For this exercise, retype all the data exactly and exclude every image.
(Data provided)
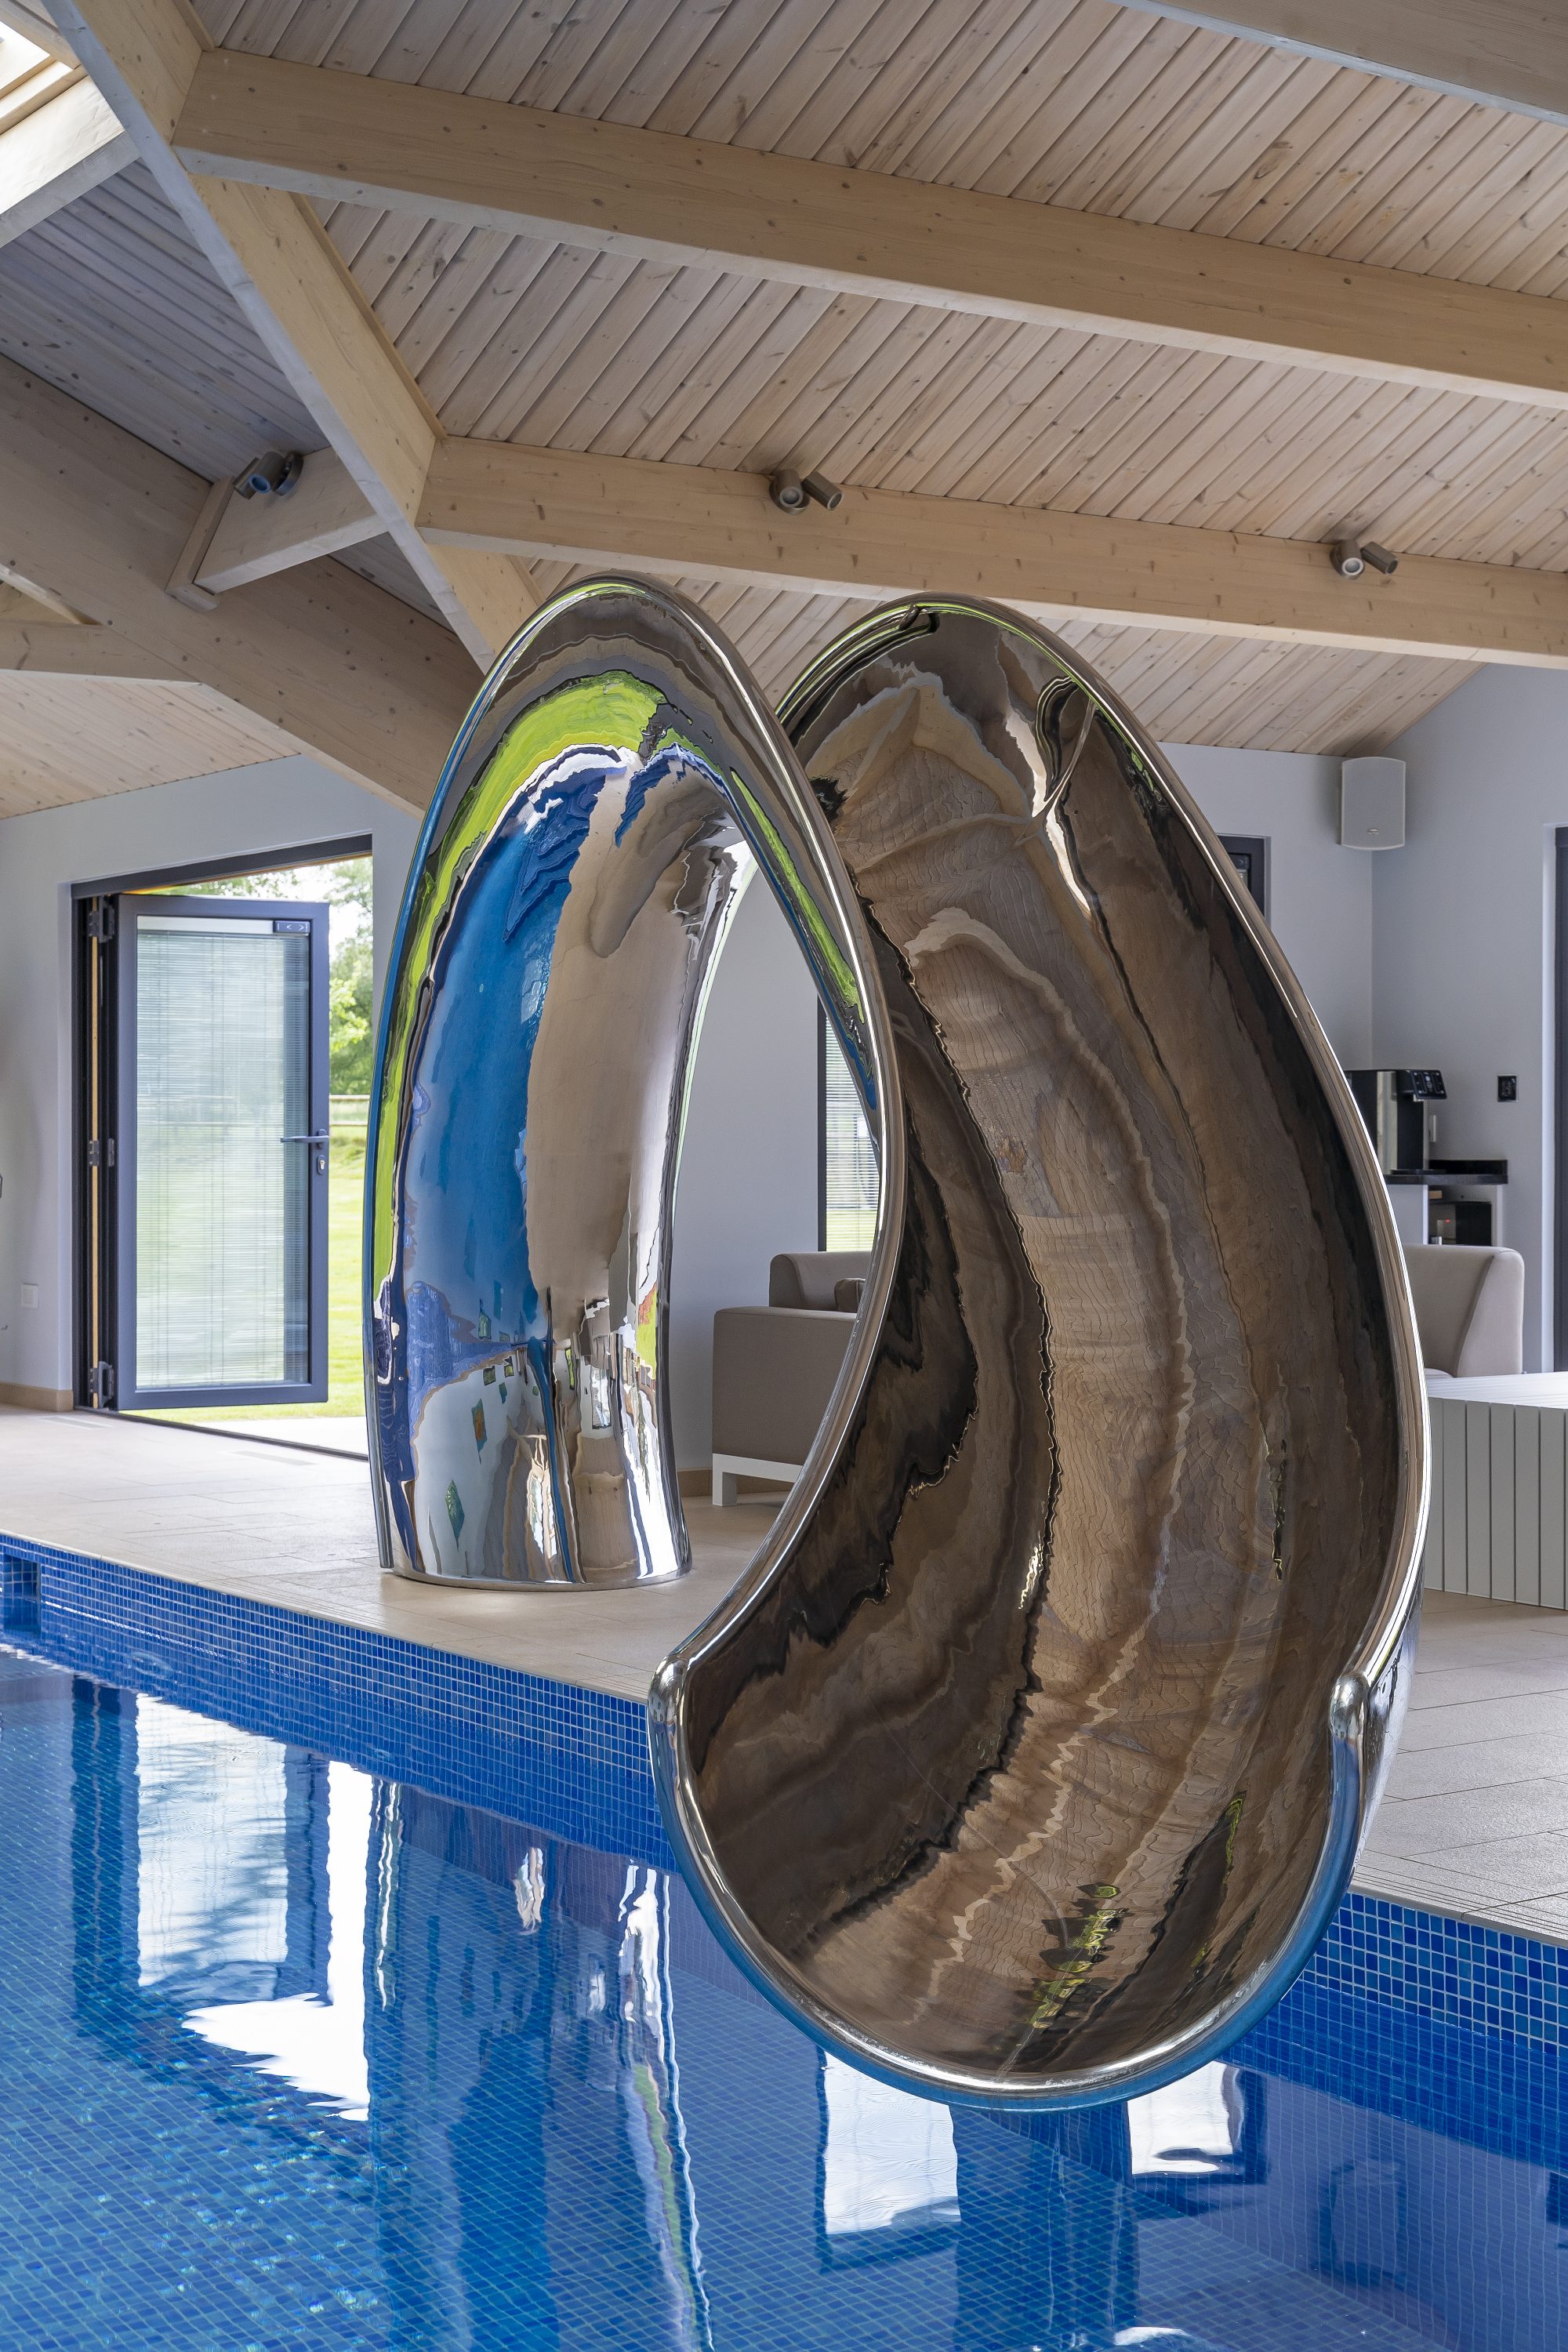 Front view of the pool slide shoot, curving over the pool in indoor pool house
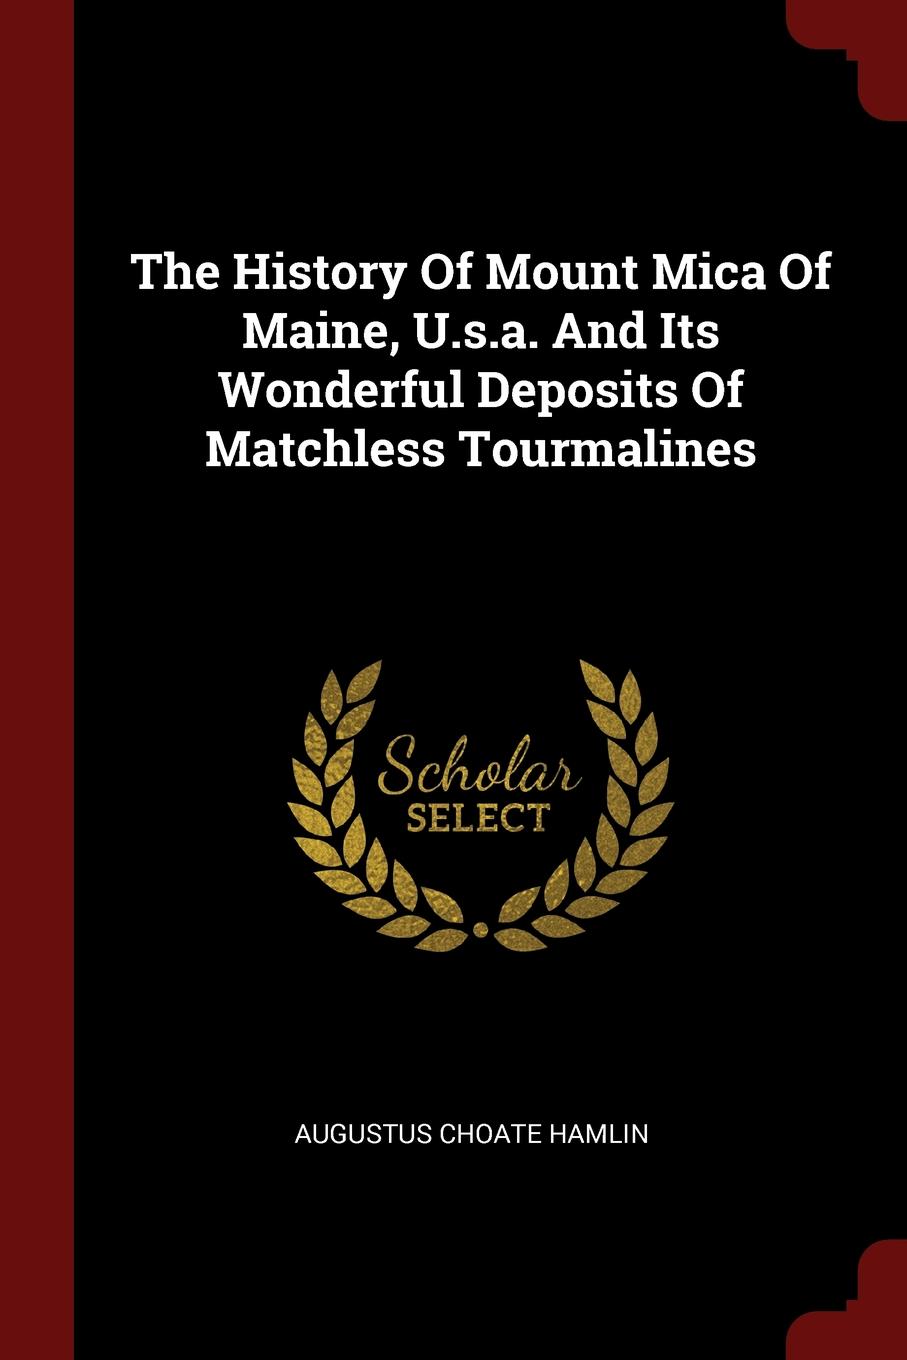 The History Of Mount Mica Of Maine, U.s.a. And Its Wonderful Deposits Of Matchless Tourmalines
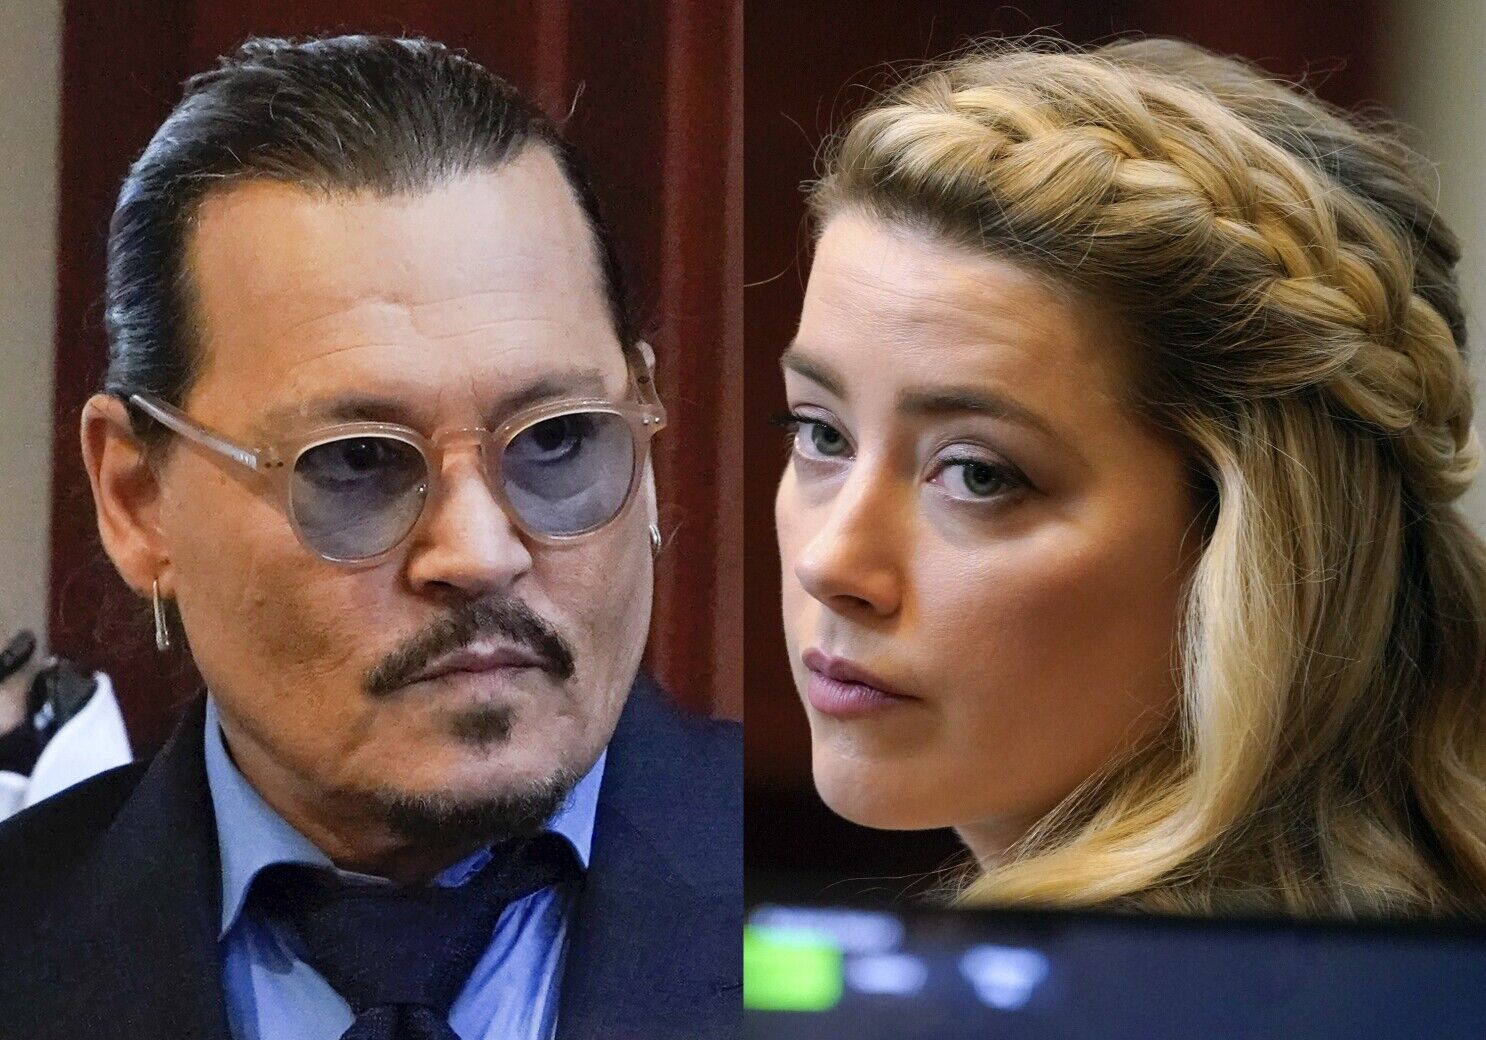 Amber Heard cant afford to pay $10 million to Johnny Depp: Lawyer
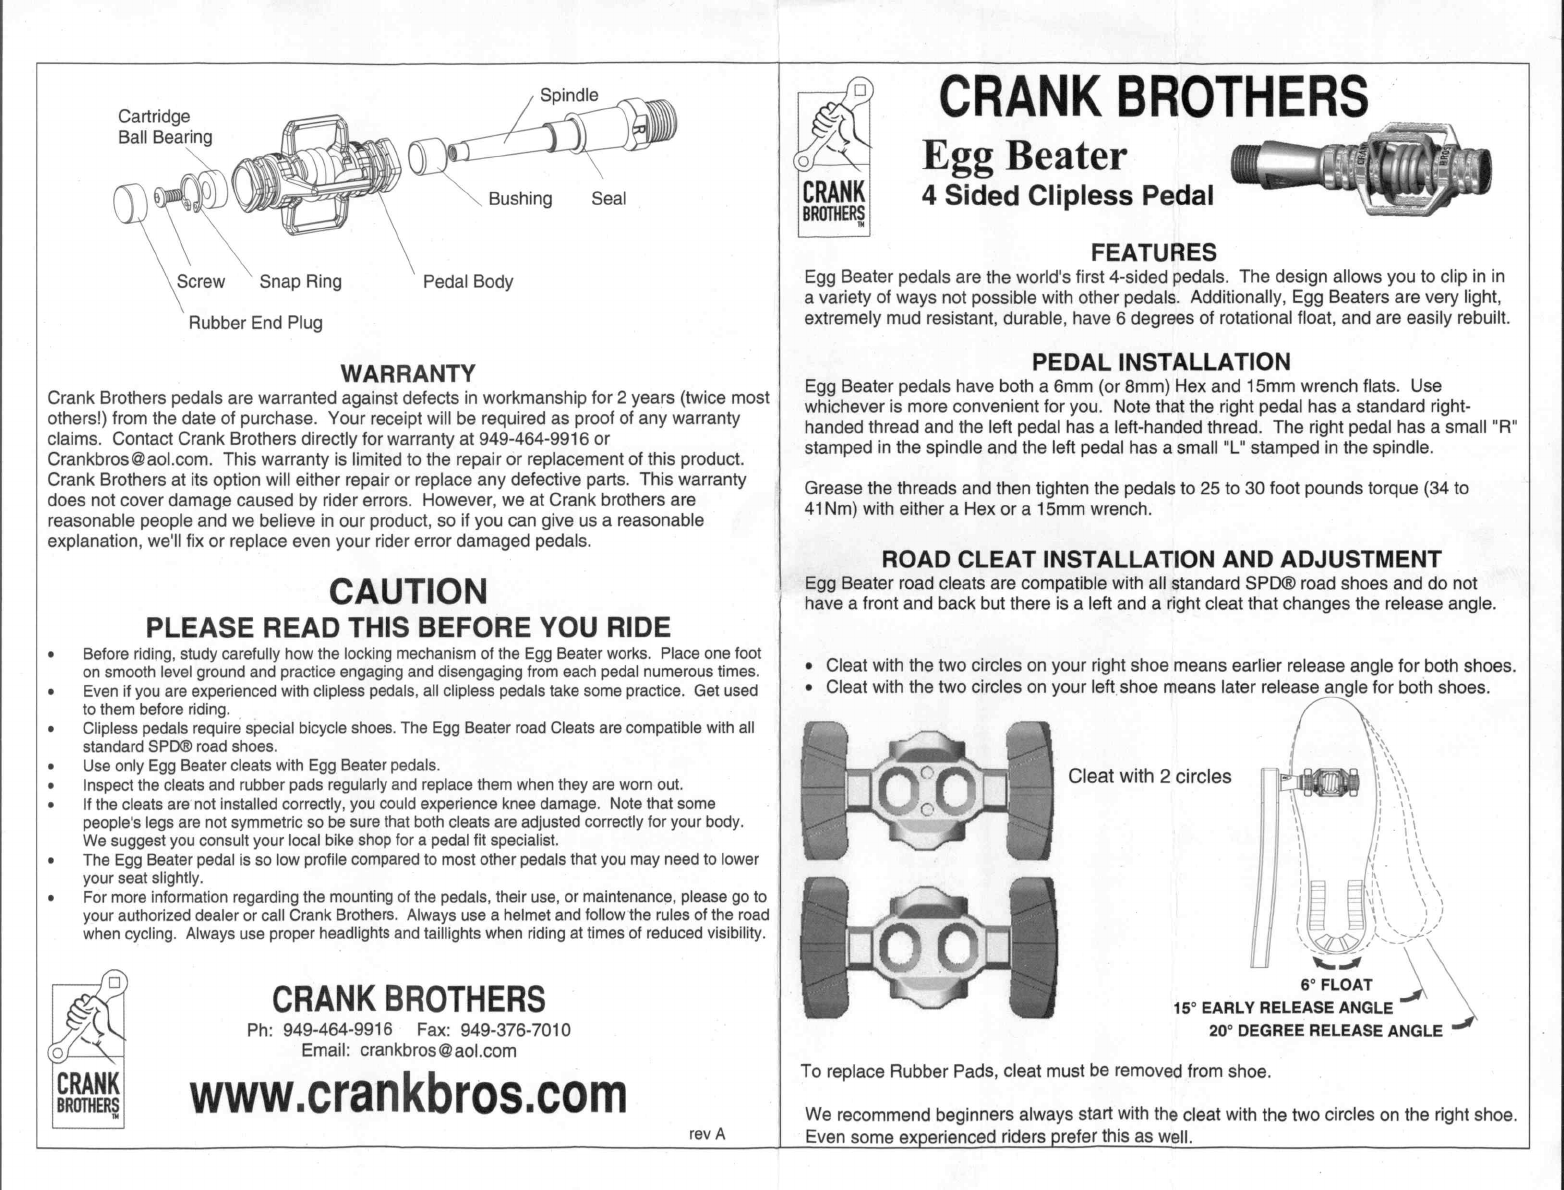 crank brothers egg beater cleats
(End Data provided)
Solution for this task.
 Front view of the pool slide shoot, curving over the pool in indoor pool house
 The History Of Mount Mica Of Maine, U.s.a. And Its Wonderful Deposits Of Matchless Tourmalines
 Amber Heard cant afford to pay $10 million to Johnny Depp: Lawyer
 crank brothers egg beater cleats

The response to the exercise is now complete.